Task instructions:
Below are the entries. Transcribe exactly the lines from the one with "Босоножки сандалии для" through the one with "multifunctional furniture. Etta: Multifunctional", ends included, and leave out all others.

Task input:

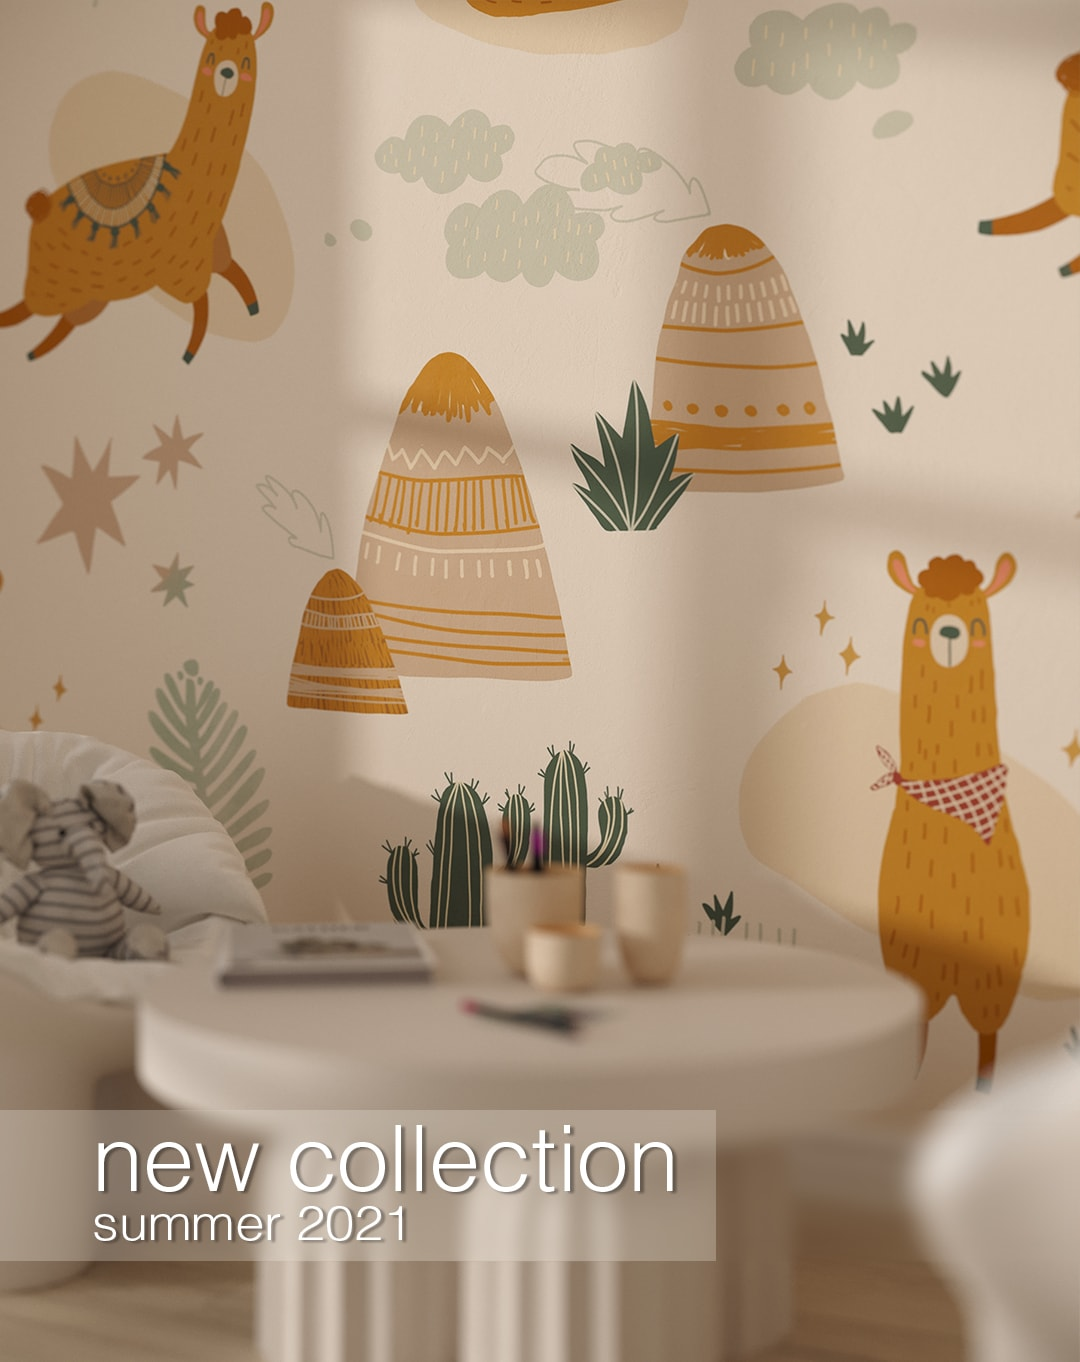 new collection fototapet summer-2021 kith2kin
--
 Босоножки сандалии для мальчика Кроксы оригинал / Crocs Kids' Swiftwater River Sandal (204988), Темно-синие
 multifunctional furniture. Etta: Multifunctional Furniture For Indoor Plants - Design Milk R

Answer:
 Босоножки сандалии для мальчика Кроксы оригинал / Crocs Kids' Swiftwater River Sandal (204988), Темно-синие
 multifunctional furniture. Etta: Multifunctional Furniture For Indoor Plants - Design Milk R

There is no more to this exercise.